Re: [bailey-developers] SF.net SVN: bailey: [17] trunk/src

SourceForge Headquarters 1320 Columbia Street Suite 310 San Diego, CA 92101 +1 (858) 422-6466

On Wed, Apr 2, 2008 at 11:49 AM, Doug Cutting <cu...@ap...> wrote:
> Ning Li wrote:
>  > On Mon, Mar 31, 2008 at 6:03 PM, Doug Cutting <cu...@ap...> wrote:
>  >>  The naive approach is simply to db.getDoc() and check the version, no?
>  >
>  > Yes. The current implementation does that. I was worried about
>  > its performance because I thought db.getDoc() means retrieving
>  > a full document. But you mentioned the semantics of retrieving
>  > the outline of a document. That would work. It's time to have
>  > db.getDoc(id) and db.getDoc(id, fields)?
>
>  Maybe we need 'getVersion()' for this, that returns a special value for
>  deleted documents?
>
>
>  > Do we index a delete?
>
>  No, but we need to log them, and, when replaying logs decide whether to
>  execute them.  If you delete a doc on one node and subsequently add it
>  on another then, when the deletion is propagated to the former it should
>  be ignored.  But if you just delete it then the propagated delete should
>  be executed.  We distinguish the cases by comparing the version in the
>  deletion log event to the version in the index -- just like for adds.

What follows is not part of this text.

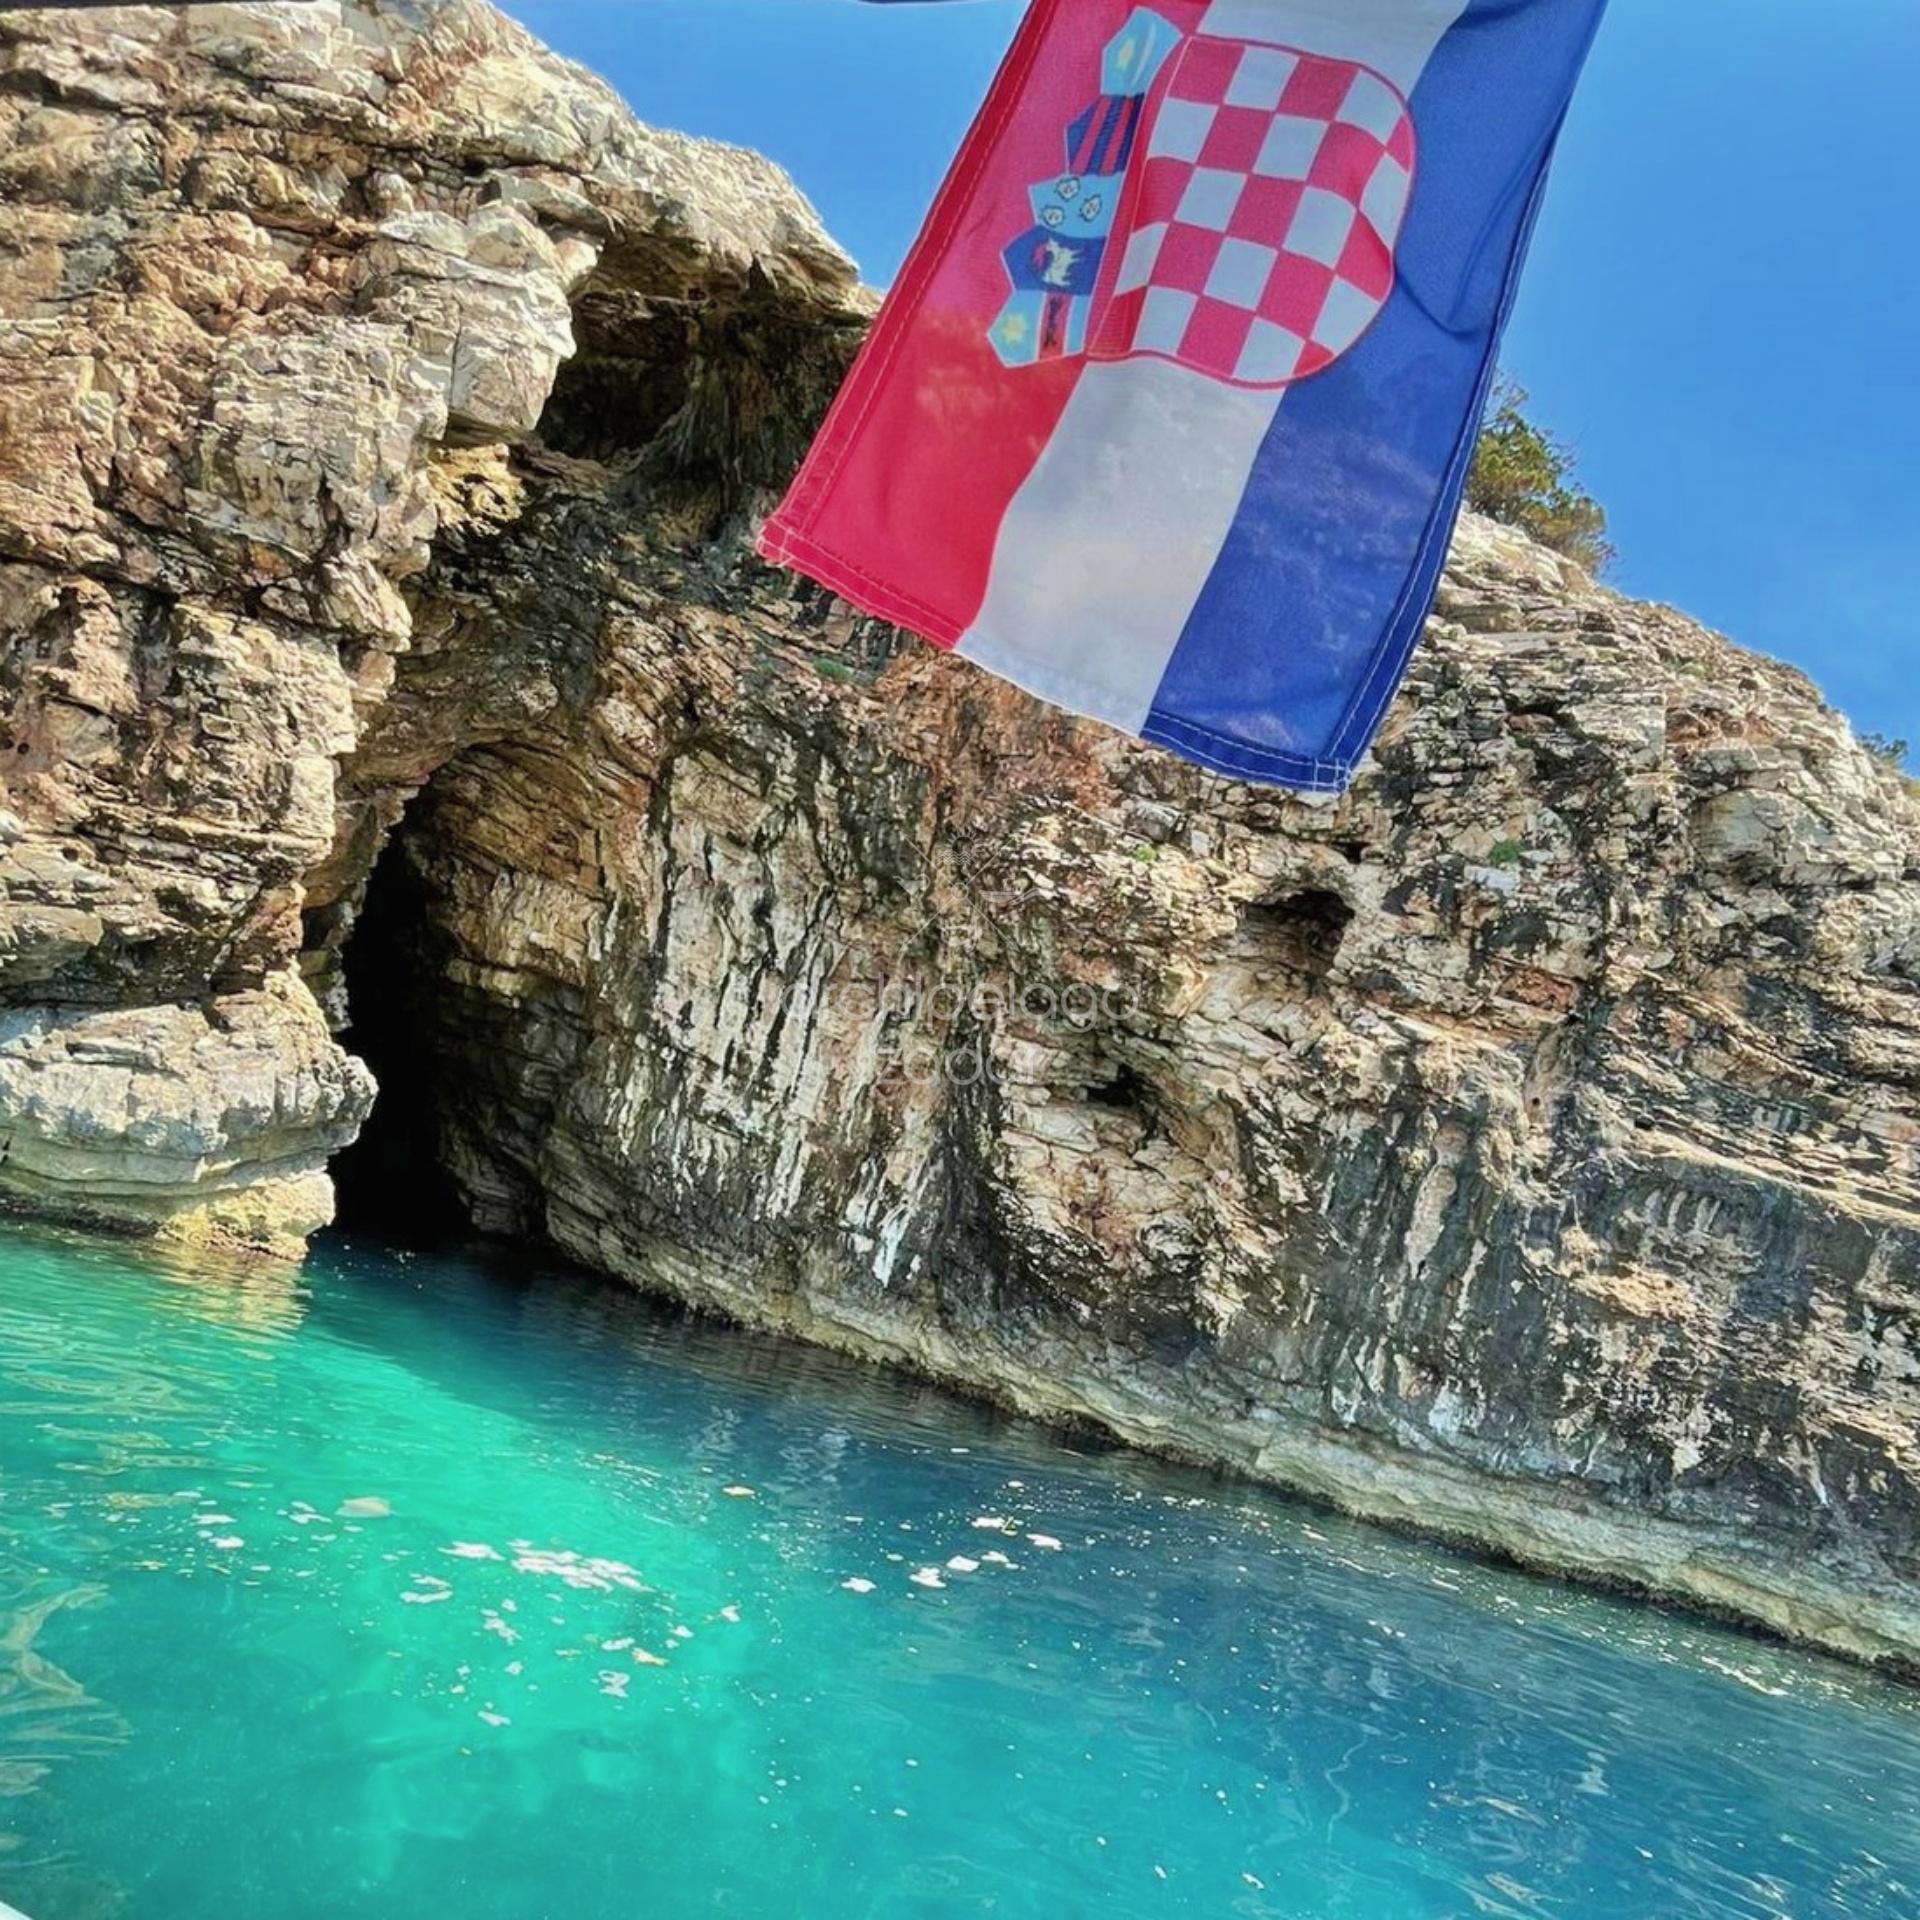 boat tour to golubinka sea cave entrance and croatian flag

Yes, we have to log and propagate deletes correctly.

What I'm worried about is the impact of the version check on the index
build performance. As you said, for general synchronization, we always
need to check versions. After we check a database/log and decide to
add/delete a document, we call Database's addDoc/removeDoc method.
In this addDoc/removeDoc method, we first parse the document for
addDoc. Then in the same critical section, we have to check again if
it is the latest version and applies the add/delete. Is checking the log
for the version for a delete expensive here? And a log is not part of
the Database abstraction, but part of RangedDatabase...

Ning